▸ PROVIDED DATA

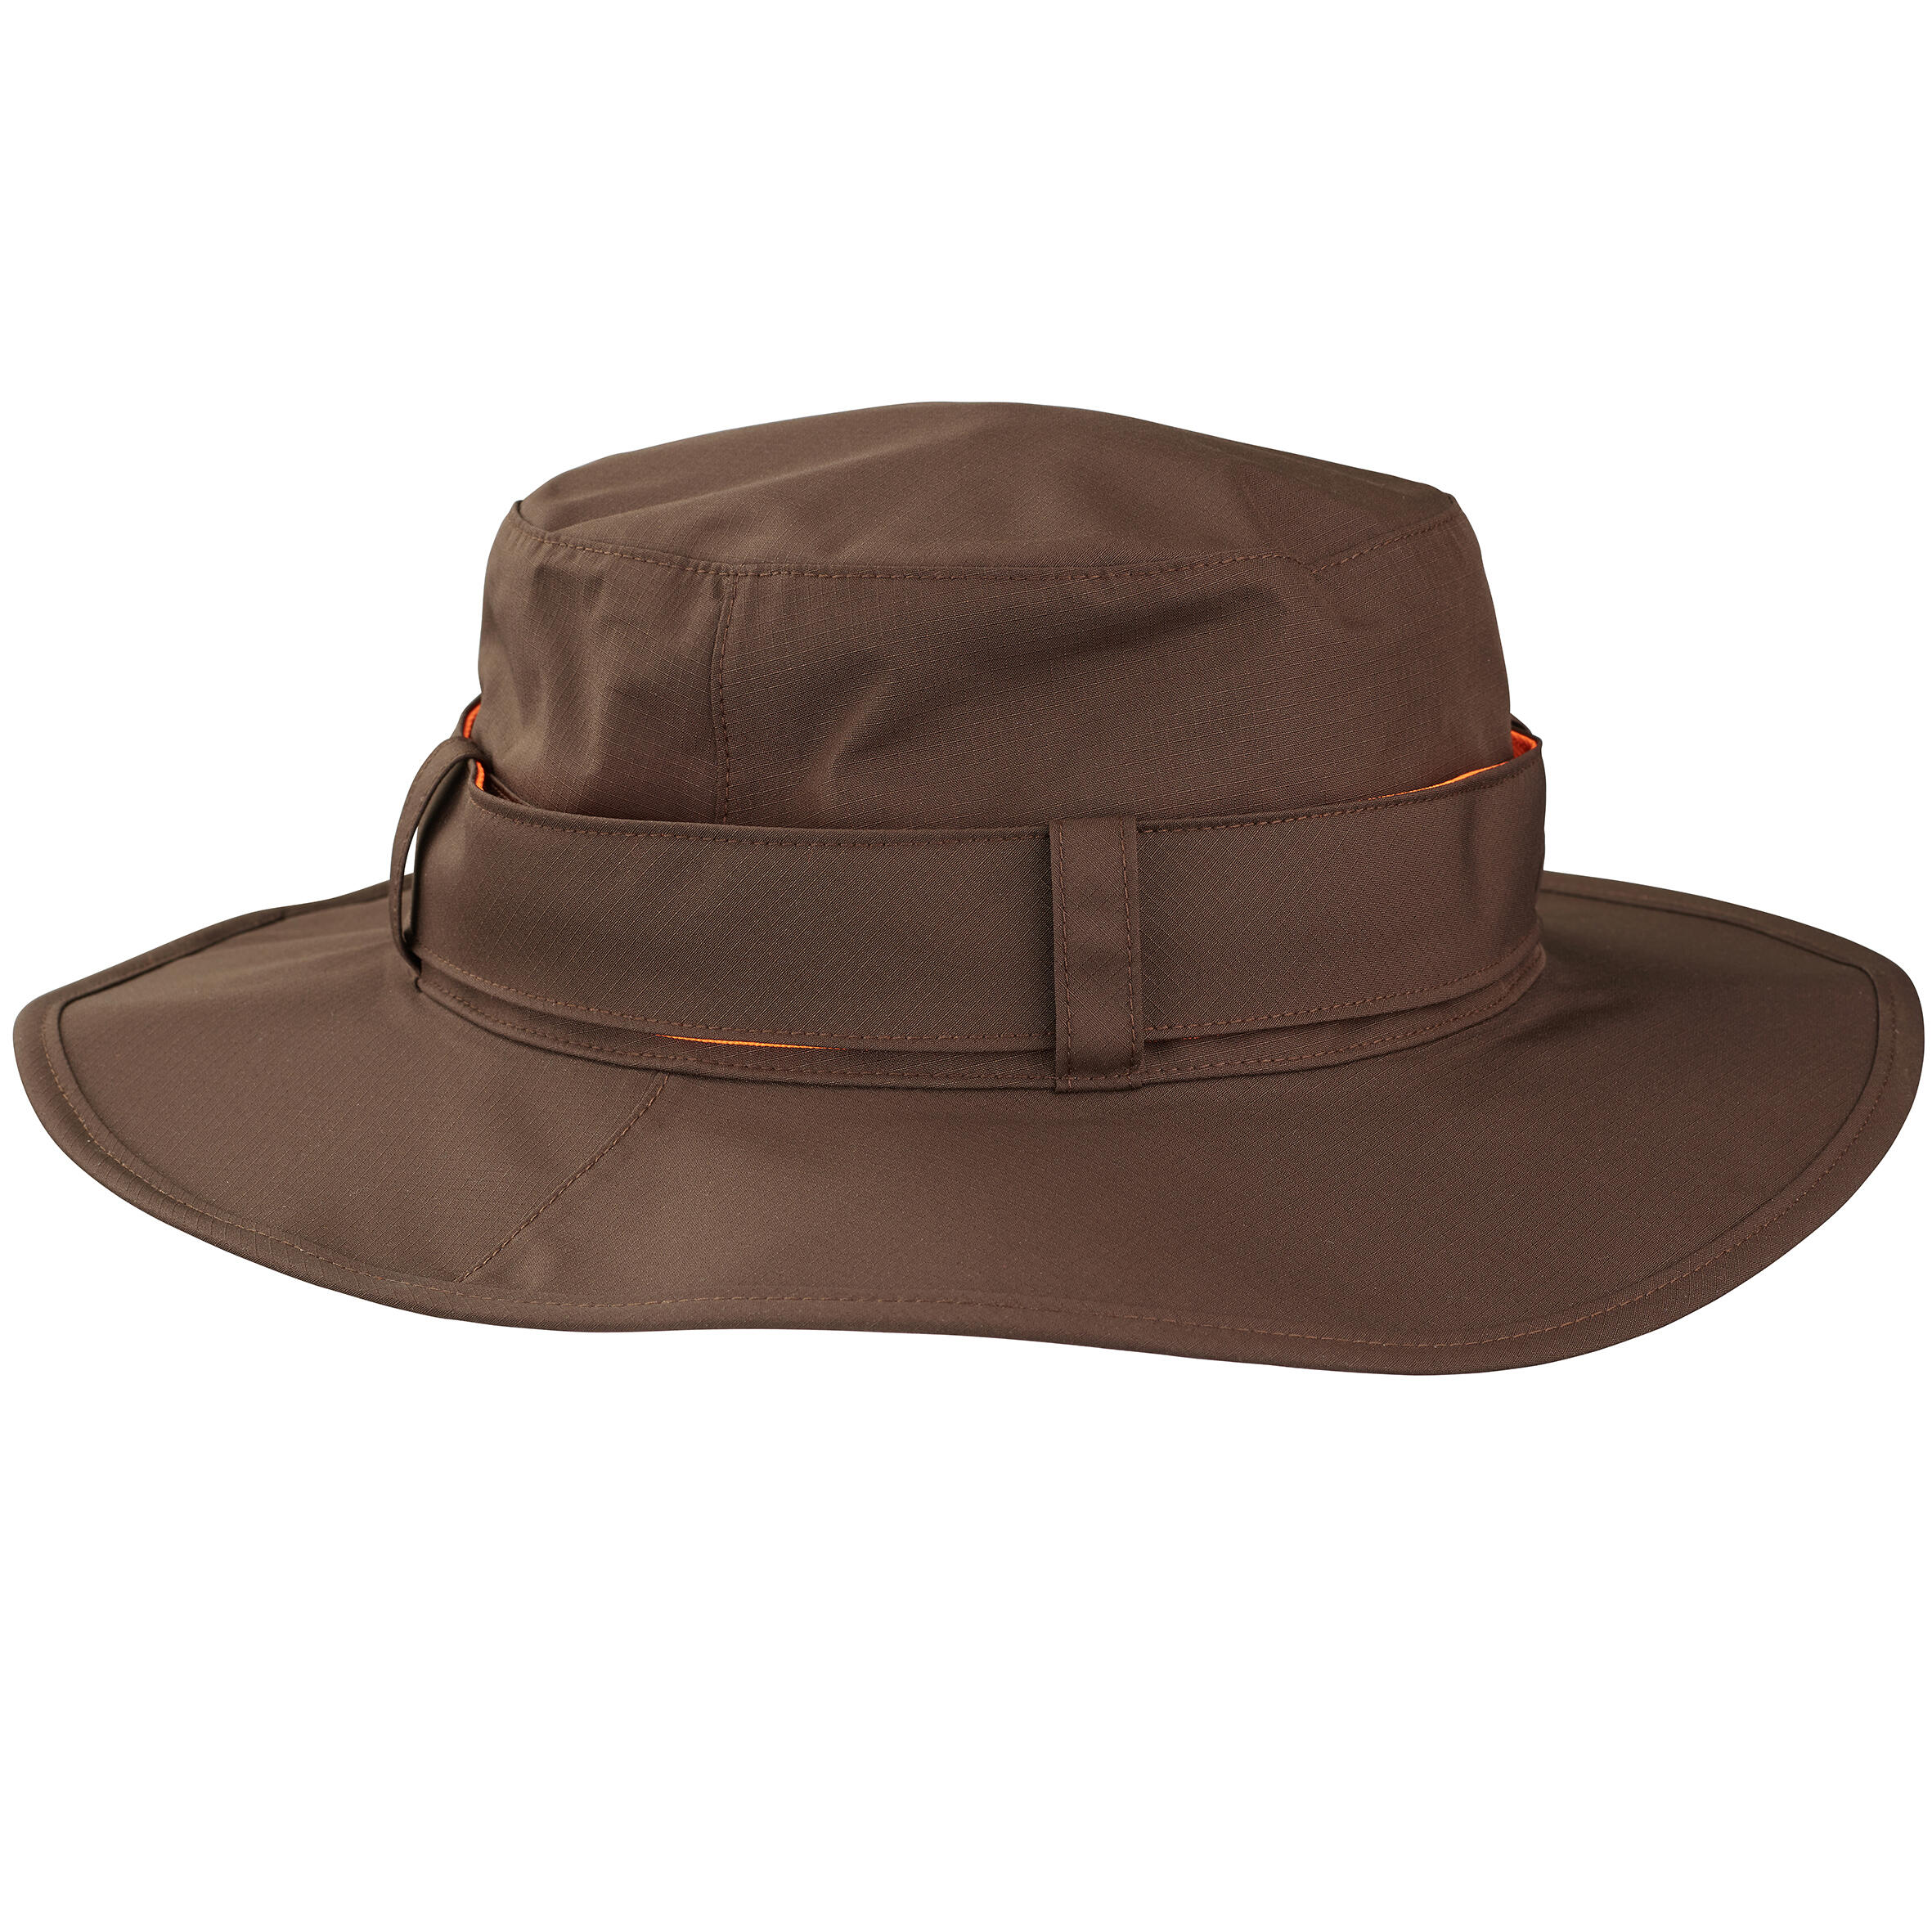 Pălărie 520 impermeabilă și rezistentă Bărbați La Oferta Online decathlon imagine La Oferta Online
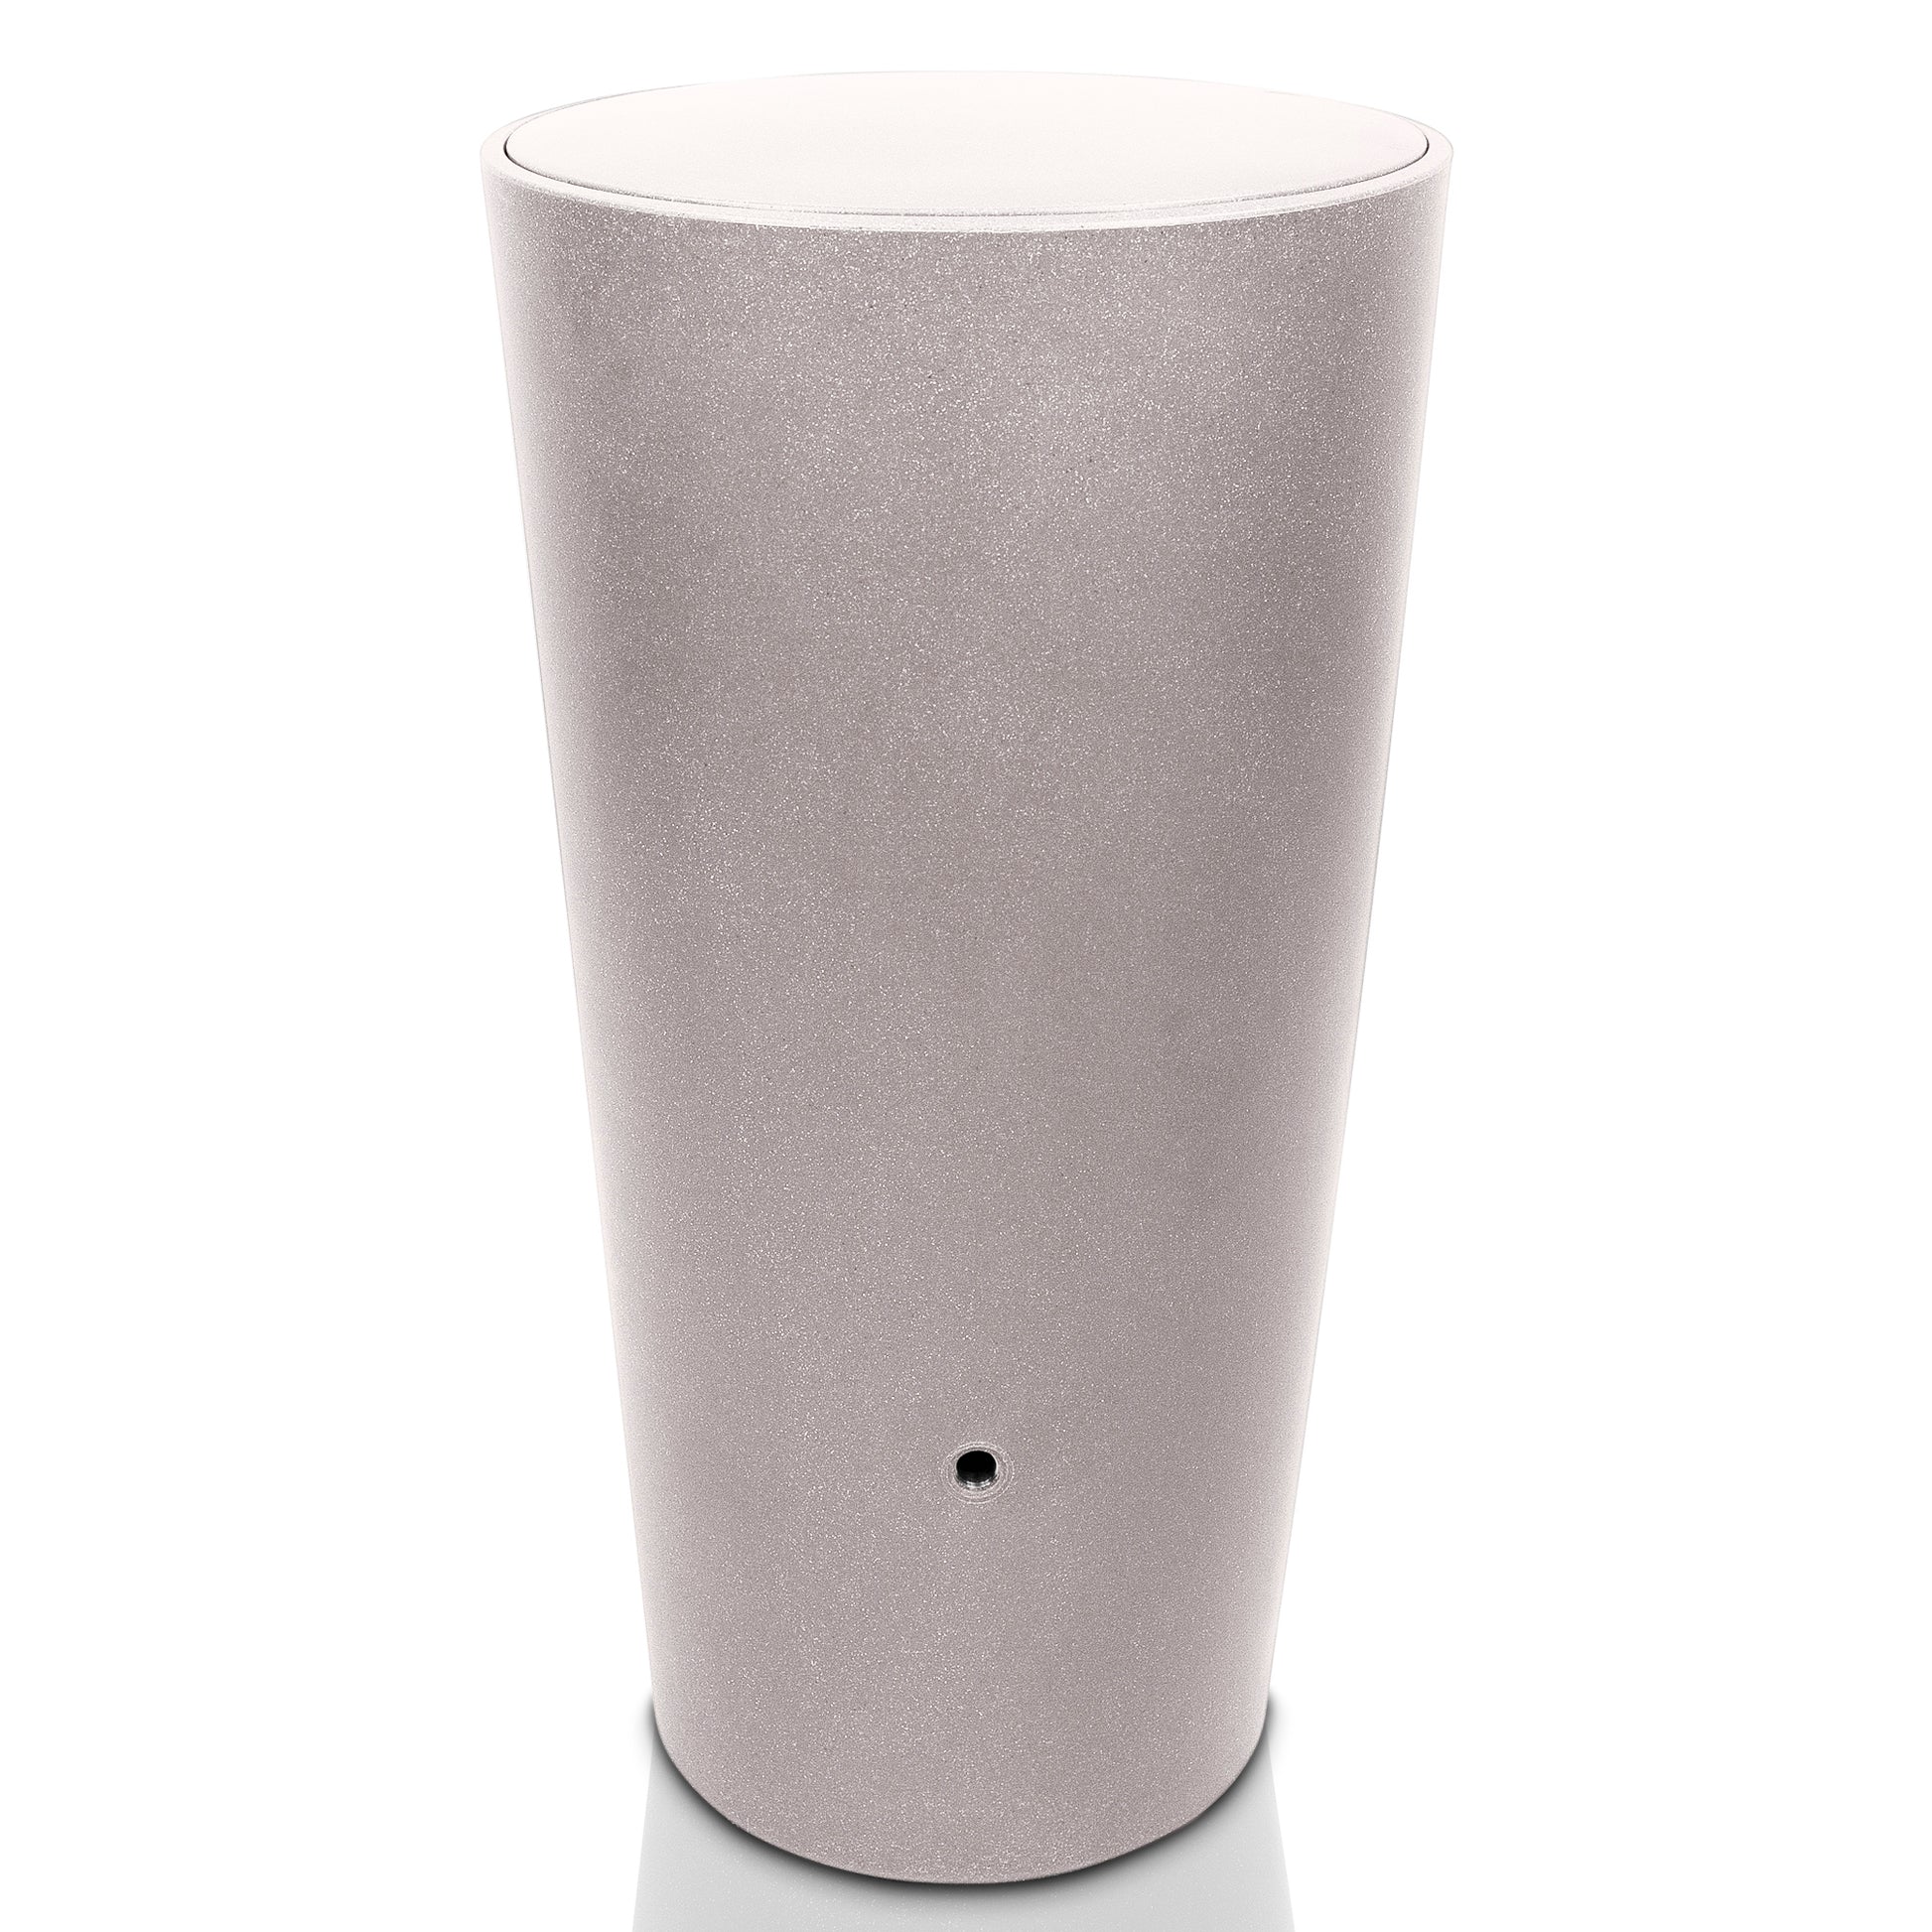 Zylindrische silberne Vase mit glatter Oberfläche und sicherem Deckel auf weißem Hintergrund.
YourCasa Regentonne 210 Liter [Aquaform] - Frostsicher & Kinderfreundlich von yourcasa-de.

▸ REQUIREMENT
Return the material above exactly; the images stay out.

▸ ANSWER FOR THE TASK
 Pălărie 520 impermeabilă și rezistentă Bărbați La Oferta Online decathlon imagine La Oferta Online
 Zylindrische silberne Vase mit glatter Oberfläche und sicherem Deckel auf weißem Hintergrund.
YourCasa Regentonne 210 Liter [Aquaform] - Frostsicher & Kinderfreundlich von yourcasa-de.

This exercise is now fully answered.